Llegado a este punto, escuché Campo, otro versículo poético y musical inenarrable. Un paisaje otoñal de un campo andaluz, con sus imágenes familiares y sus evanescentes espejismos. Sabor a paisaje, que dijera Antonio Mairena para referirse a la pureza. Sabor a seguiriya y cabal en el cante y en el toque sin ser ni seguiriya ni cabal ni en el cante ni en toque. De las menores a las mayores, para rematarlo en un descarado aire de alegrías de Cádiz –palo al que la Casa Sanlúcar ha hecho siempre tan certeras y brillantes aportaciones– con este mágico cuarteto en estado de gracia. No hizo falta más gente. No obstante, Manolo señaló a un quinto integrante de la formación: Federico

 

La música que me nace es parida por mi angustia. ¡Cómo dejar entrar a otros a los que no les duela mi dolor, que no compartan mi dolor, que no se hermanen en mi dolor! Yo busco un paraíso que me describa a mí mismo, que me enseñe a conocer el alma que persigo, donde estén mis gentes, a las que reconozco al sentir su palabra… Su verso es mi cobijo y en él renazco cada vez que mi angustia regurgita. ¿Quién como él para asistir al parto y alumbrar con su luz mi cabecera?

 

Impresionante.
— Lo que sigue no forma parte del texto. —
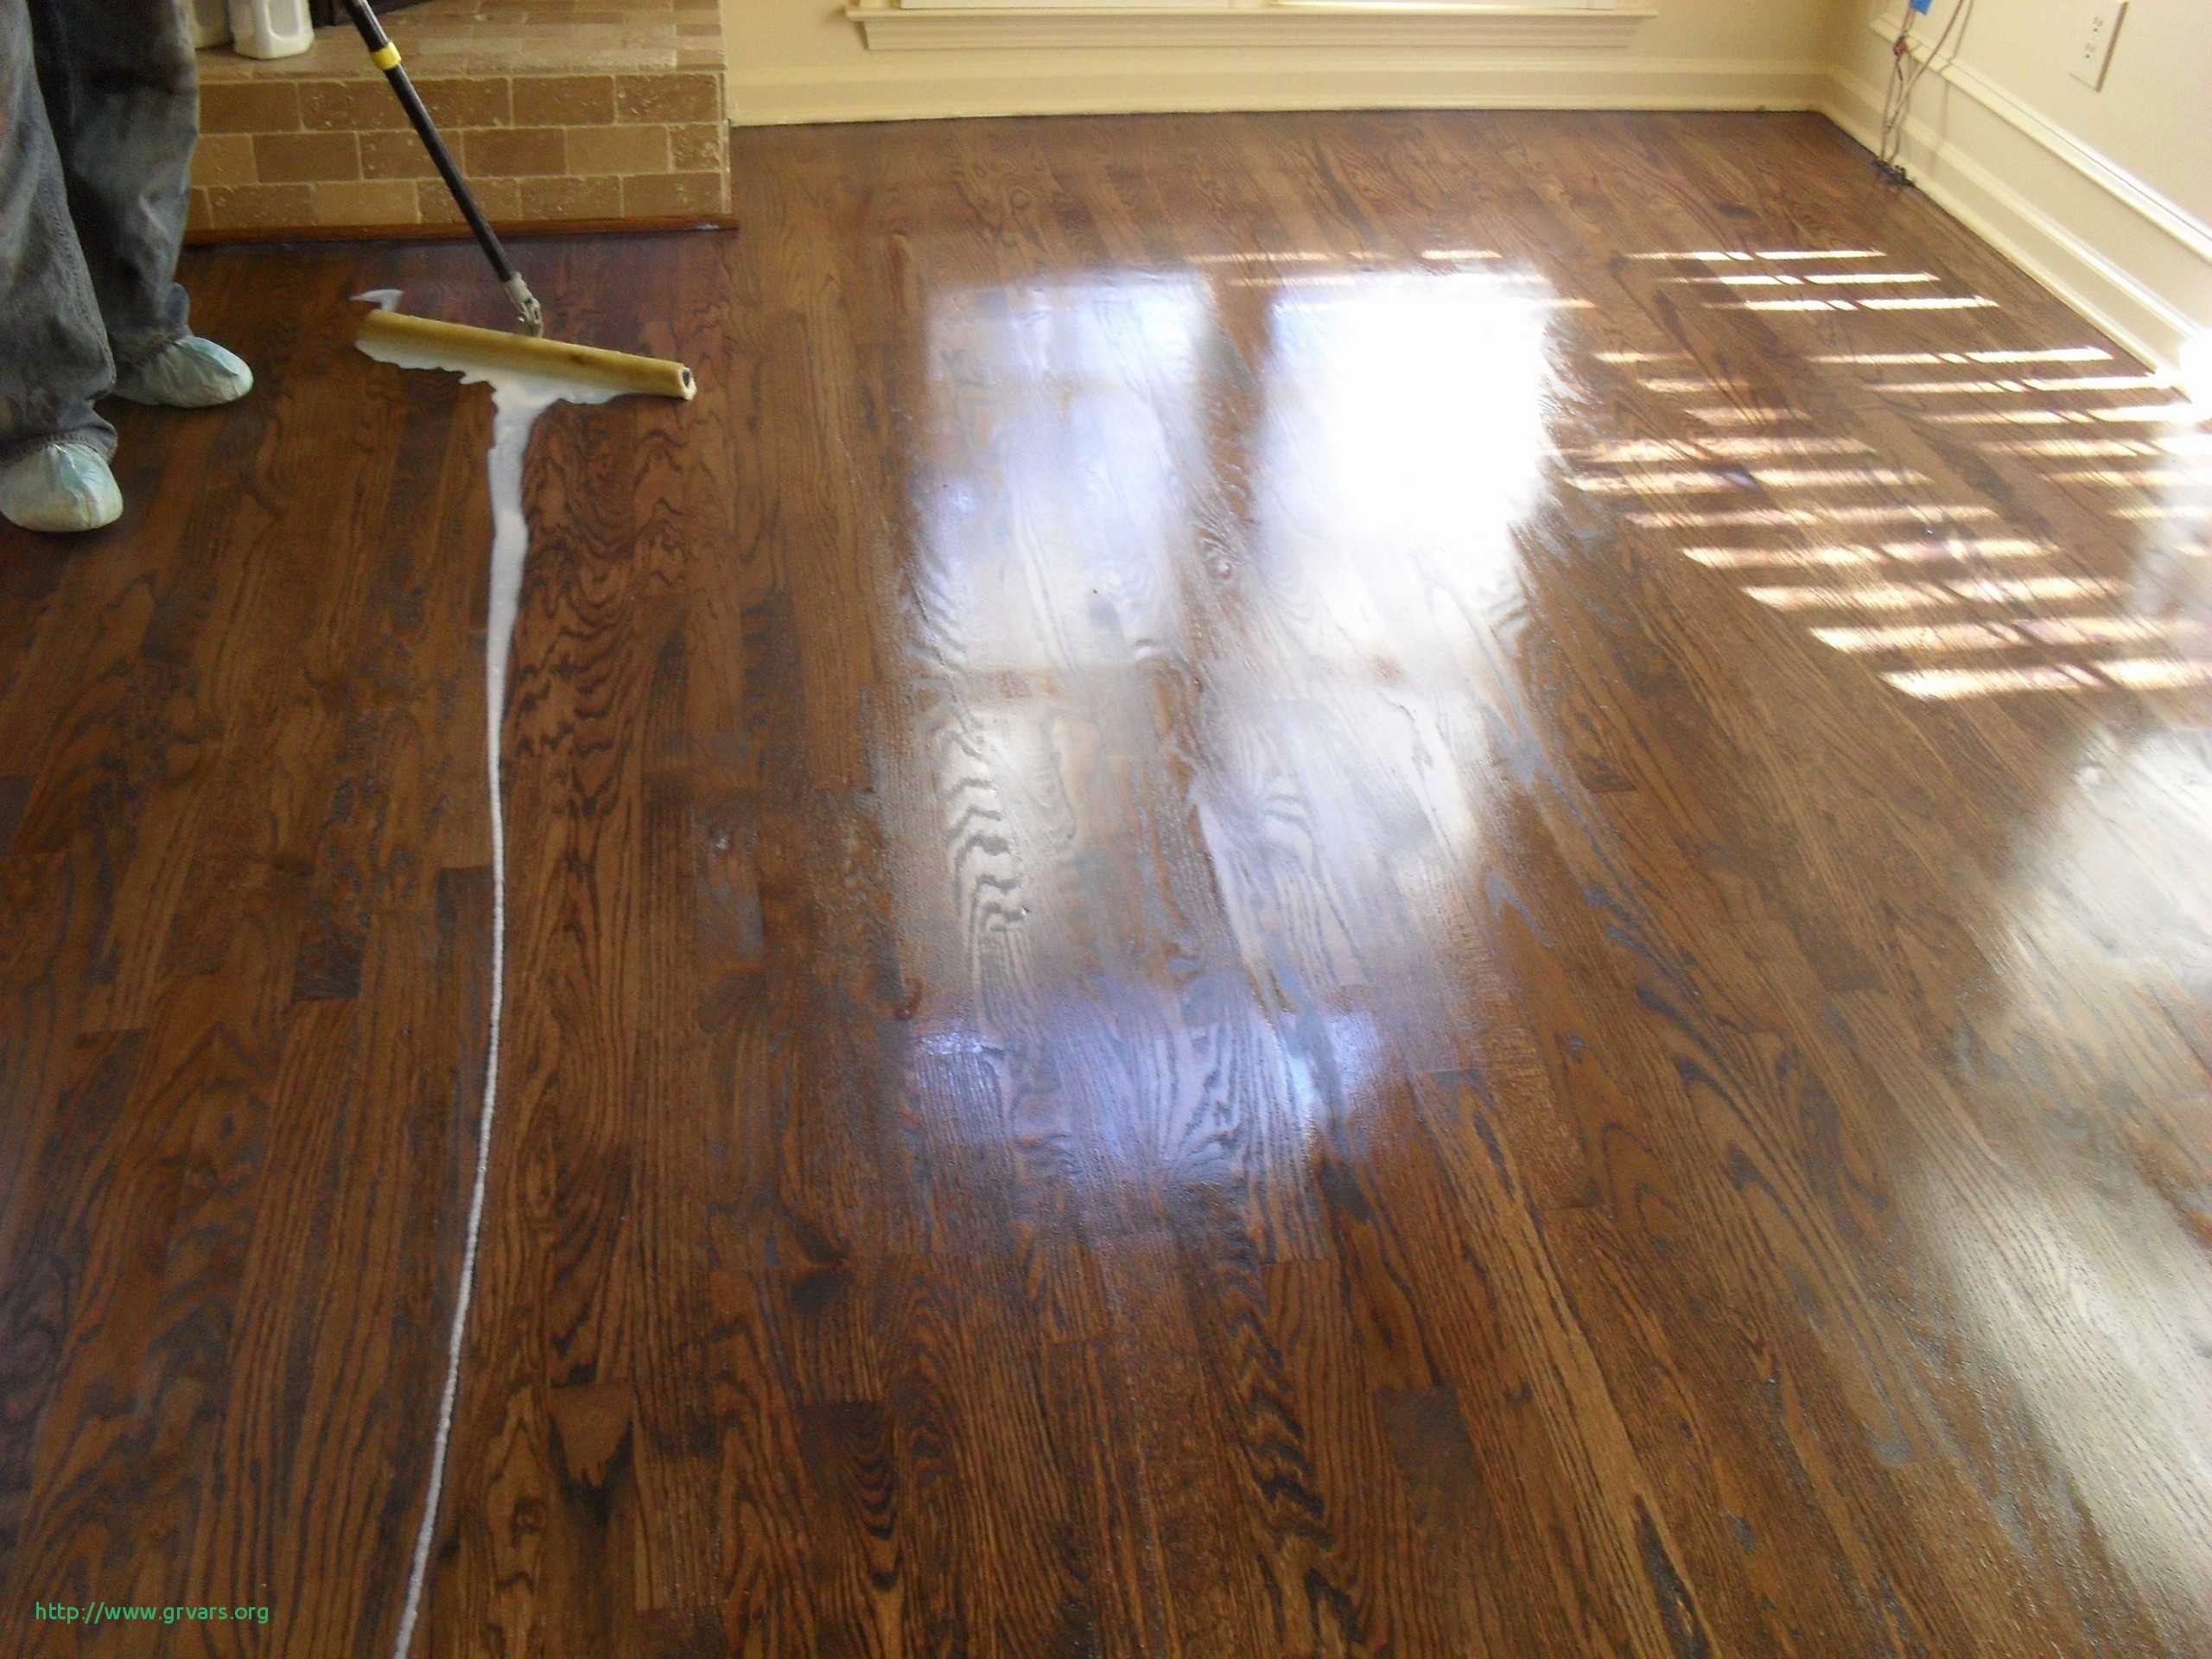 21 Wonderful Hardwood Floor Refinishing Nj Costs 2024 free download hardwood floor refinishing nj costs of how much does it cost to have hardwood floors refinished nouveau with regard to how much does it cost to have hardwood floors refinished nouveau cost t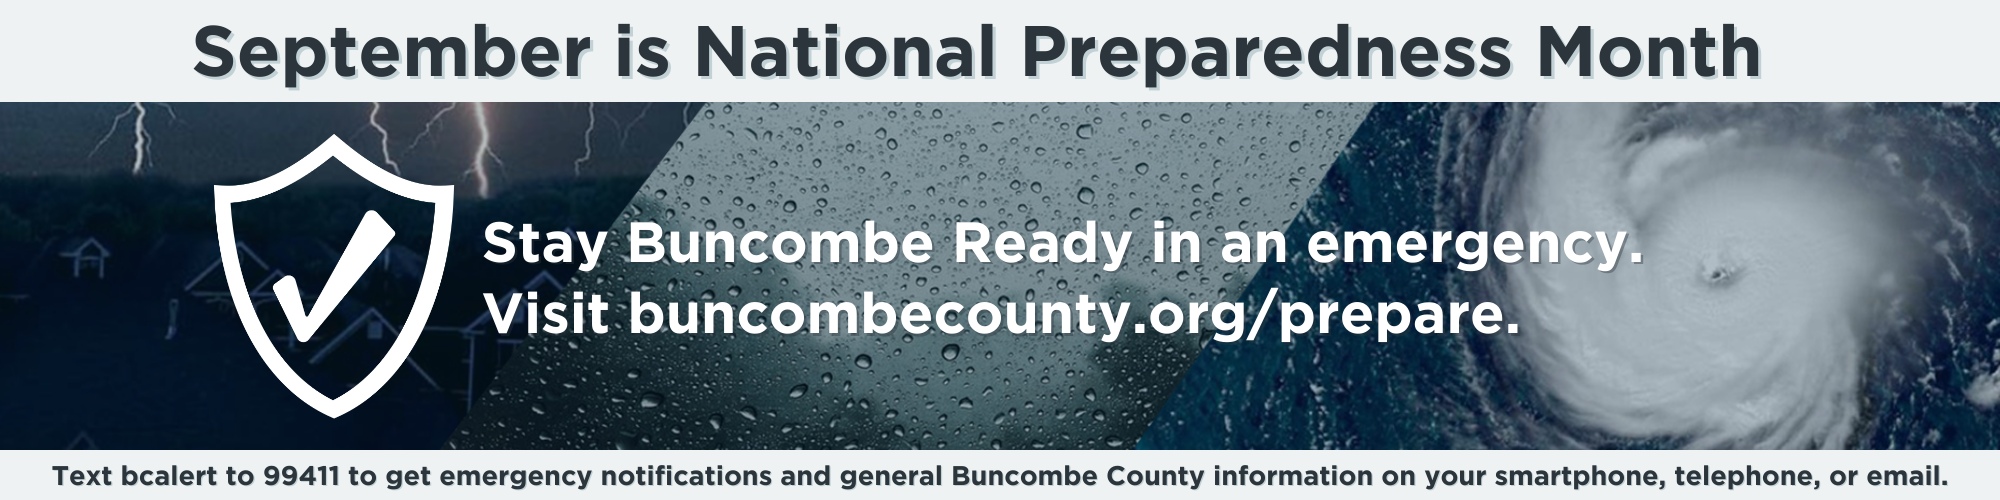 September is National Preparedness Month. Stay Buncombe Ready in a storm. Text bcalert to 99411 to get emergency notifications and general Buncombe County information on your smartphone, telephone, or

Pero Manolo quiso culminar este denso peritaje creador con la fiesta. Y musicó en estas claves un momento de Poeta en Nueva York, Son de negros en Cuba, metido en el ritmo afrocubano de los tangos tamizado por siglos de gestas y epopeyas, de abrazos y conflictos, de idas y de vueltas, de convivencias y mestizajes. Todo el grupo a compás y reforzado por los coros de la sobrina Gala Évora y las percusiones y palmas del paisano Cepillo. Hispanoamérica y Andalucía. ¡Qué retrato tan certero de estas dos orillas del Atlántico!: El Caribe y Bajoguía, los manglares y Doñana, los bajíos y las marismas, el Malecón y la Plaza del Cabildo, el ron y la manzanilla, la caña de azúcar y la sal de Bonanza… Impresionante.

 

Muchos señalan Tauromagia como la obra cumbre Manolo Sanlúcar, pero yo me quedaré para siempre, desde aquella lejana tarde de principios de siglo, con esta locura. Y con esta brisa. Y con estos trinos.